Abstract
We present a rare extramedullary, bifocal, and hyposecretory manifestation of relapsed MM that could be mistaken for an infection. We stress the importance of complex evaluation including serum, urine, and bone marrow assessment and whole‐body imaging.
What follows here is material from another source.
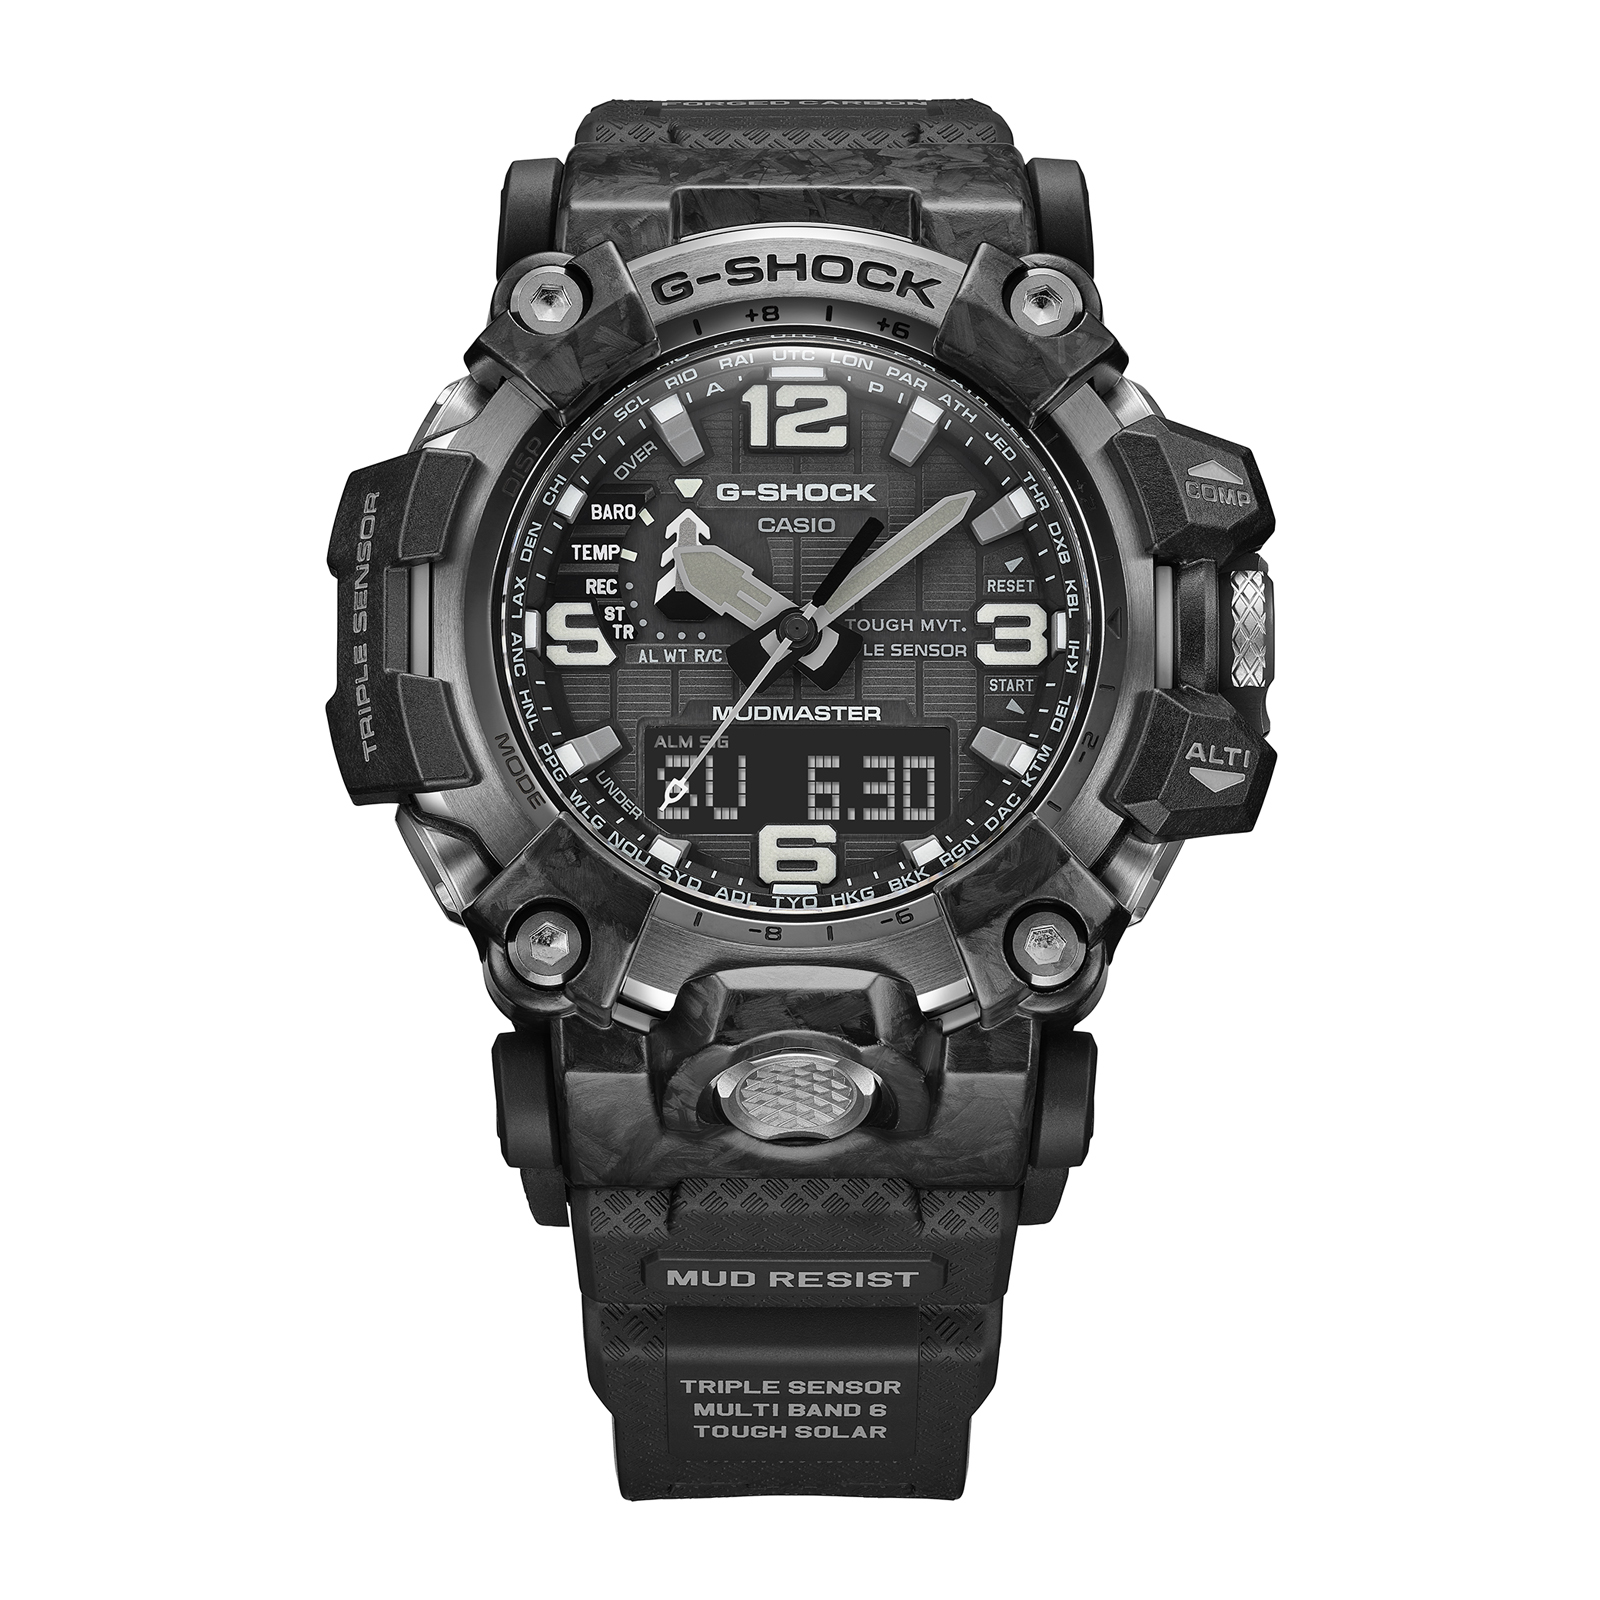 Reloj G-SHOCK GWG-2000-1A1DR Resina/Acero Hombre Negro
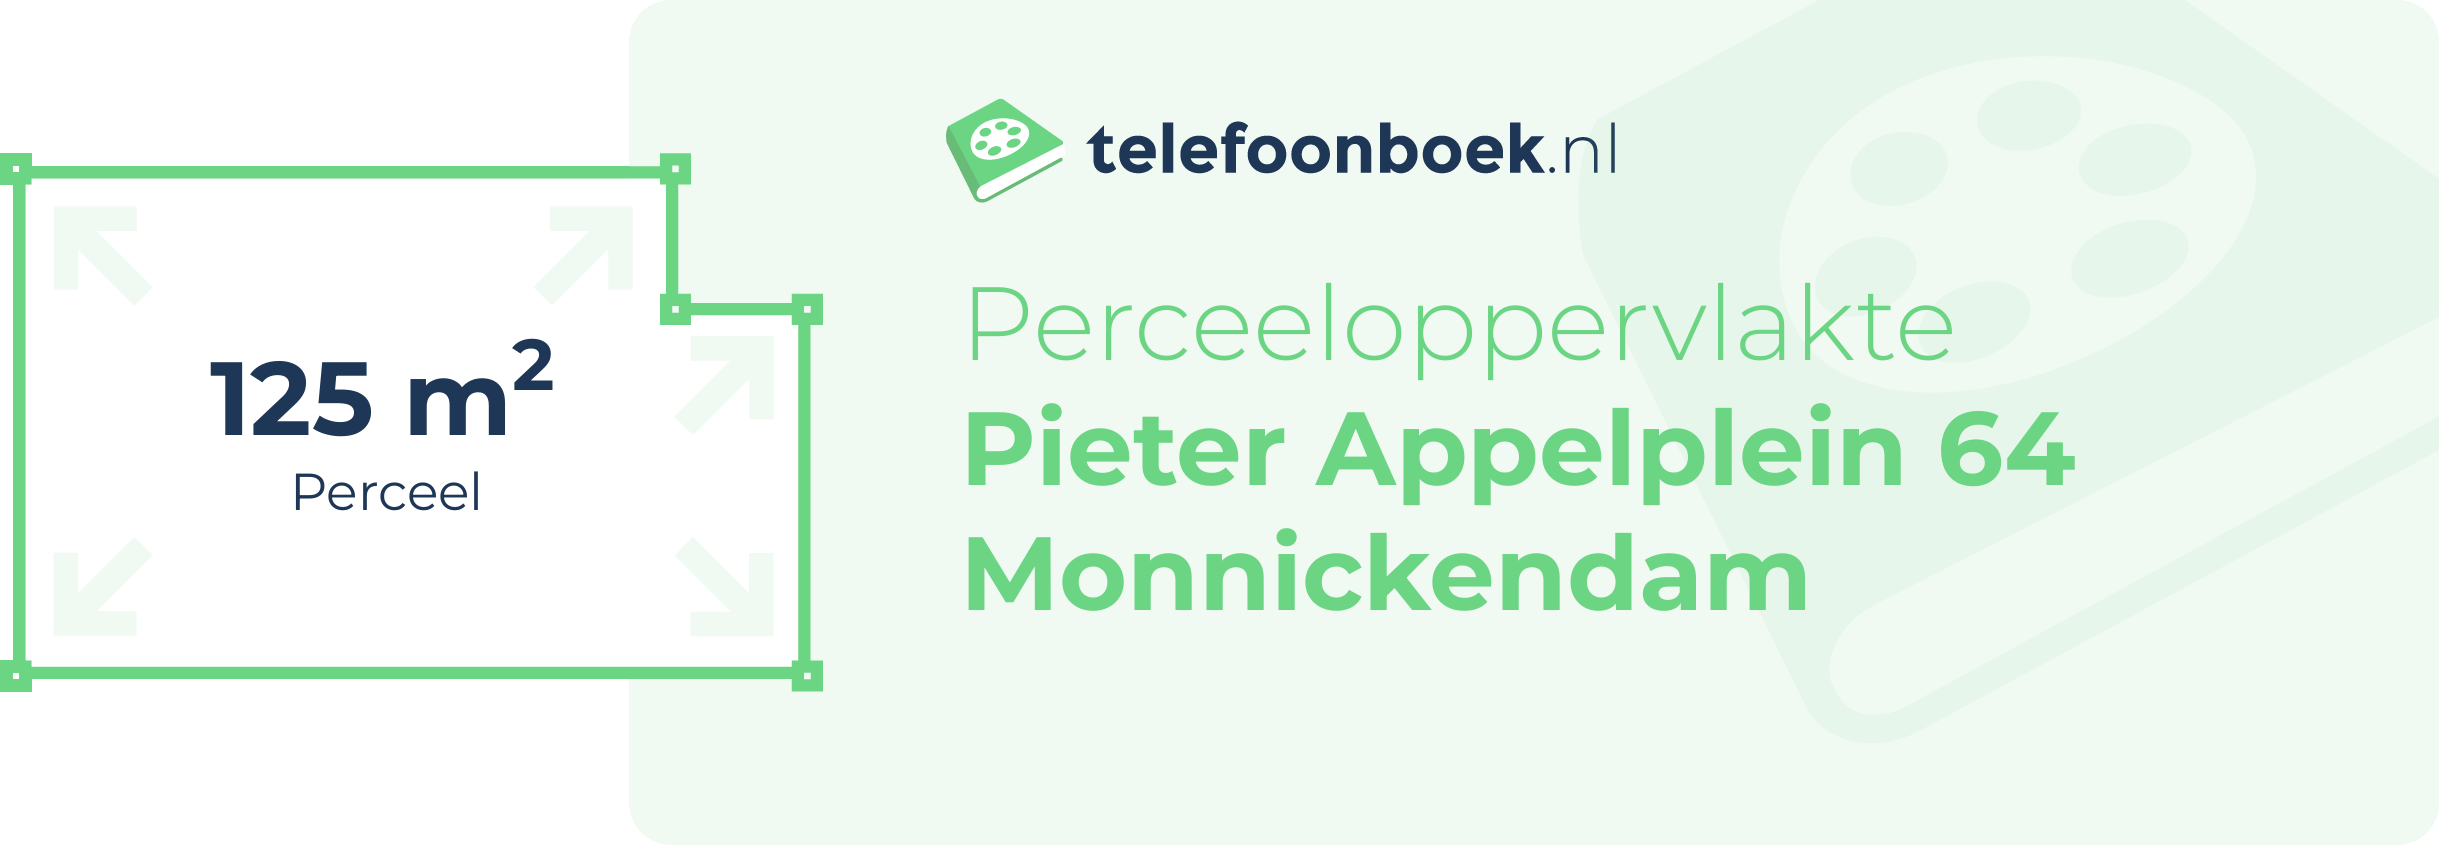 Perceeloppervlakte Pieter Appelplein 64 Monnickendam

Keywords: extramedullary, hyposecretory, imaging, multiple myeloma
We present a rare extramedullary, bifocal, and hyposecretory manifestation of relapsed MM that could be mistaken for an infection. We stress the importance of complex evaluation including serum, urine, and bone marrow assessment and whole‐body imaging.
What is the new aspect of your work? A very rare manifestation of multiple myeloma relapse, being all extramedullary, bifocal, and hyposecretory. Moreover, the activity of the disease did not behave as myeloma but rather as a different (infectious) condition.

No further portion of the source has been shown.